Fears of coronavirus cast shadow over upcoming Dajia Mazu Pilgrimage

'Mazu will protect us': chairman of Taichung's Jenn Lann Temple

  4089
Scene during Dajia Mazu Pilgrimage in 2019.

Scene during Dajia Mazu Pilgrimage in 2019. (CNA photo)

TAIPEI (Taiwan News) — As cases of the coronavirus (COVID-19) continue to rise in Taiwan, worries that the upcoming Mazu temple tour, which draws thousands of participants to central Taiwan each year, could become a hotbed of infection also increase.

The annual Dajia Mazu Pilgrimage will set off from the Jenn Lann Temple in Taichung on March 19. A statue of the Taoist sea god, carried by temple staff and followers on foot, will make stops in Yunlin, Chiayi, and Changhua counties before returning to Taichung on March 28, traveling over 300 kilometers in nine days.

The largest of its kind in Taiwan, the annual pilgrimage draws tens of thousands of people annually, including temple staff, local communities, and followers from across the island as well as domestic and foreign tourists, and the number continues to increase year after year.

However, the pilgrimage, once acclaimed by Discovery as one of the world’s three major religious festivals, is facing a major challenge amid the escalating virus that has sickened nearly 80,000 people globally and killed more than 2,000.

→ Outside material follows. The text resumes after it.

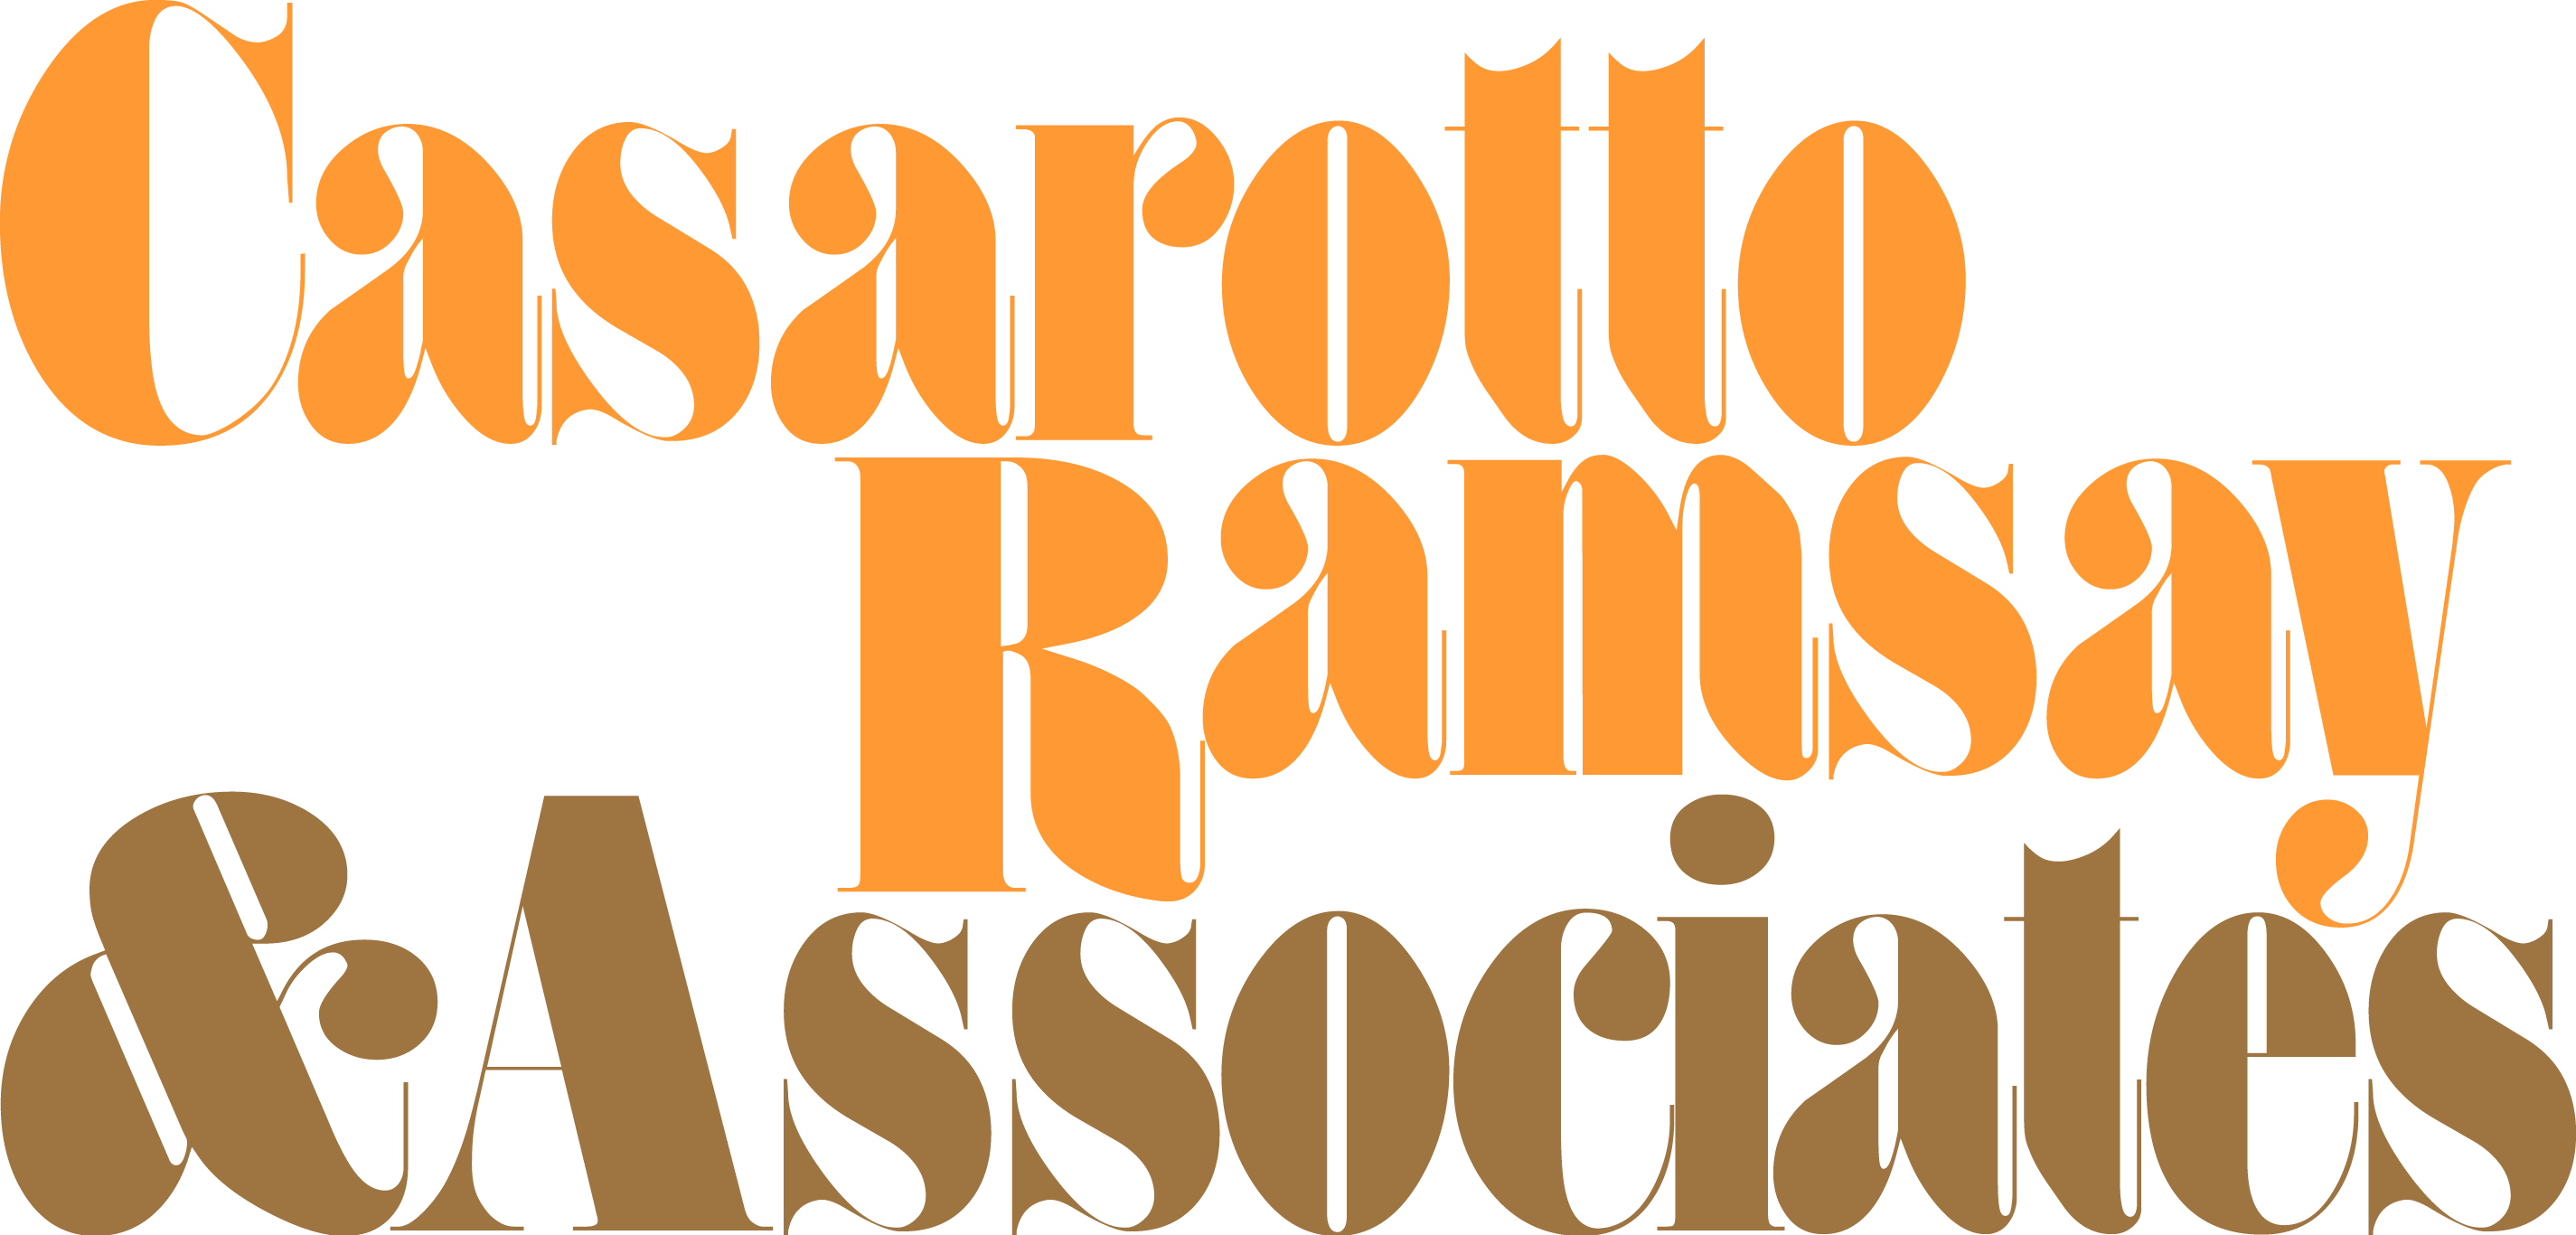 Casarotto Logo

Yen Li-ming (顏莉敏), deputy speaker of Taichung City Council and daughter of the chairman of the Jenn Lann Temple, Yen Ching-piao (顏清標), said she was not clear on the measures the temple would take against the infectious disease. However, she said those who have planned to take part in the pilgrimage are encouraged to take enhanced precautions or cancel their trip if they are very concerned.

Despite calls from medical experts to call off the pilgrimage, Yen Ching-piao has expressed determination to carry on as planned. “Mazu and the Jade Emperor will cooperate and stamp out the epidemic in Taiwan and the world,” said the chairman, referring to the two major deities predominant in traditional religion on the island.

Yen said he would pray to the gods for an early end to the epidemic: “People should not be worried. Mazu will protect us.”

The Central Epidemic Command Center has no plans to ban large-scale public events for now, as the chance of community-transmitted infection remains low, according to Deputy Director-General of the Centers for Disease Control (CDC) Chuang Jen-hsiang (莊人祥). Nevertheless, he encouraged organizers and would-be participants of mass gatherings to refer to advisories issued by the CDC and take preventive measures.

In addition to visiting temples and shrines throughout different towns and villages, the annual pilgrimage comprises various rituals carried out by temple staff and performances by dance troupes, performers on electronic stage trucks, and others. Local communities are also likely to offer free food as an act of gratitude for the protection of the gods, giving streets the atmosphere of an open-air buffet carnival.

Taiwan has confirmed 28 cases of the virus as of Monday morning (Feb. 24), with a few clusters taking place within families. Among the infected, one has died and five have been discharged from the hospital after making a recovery.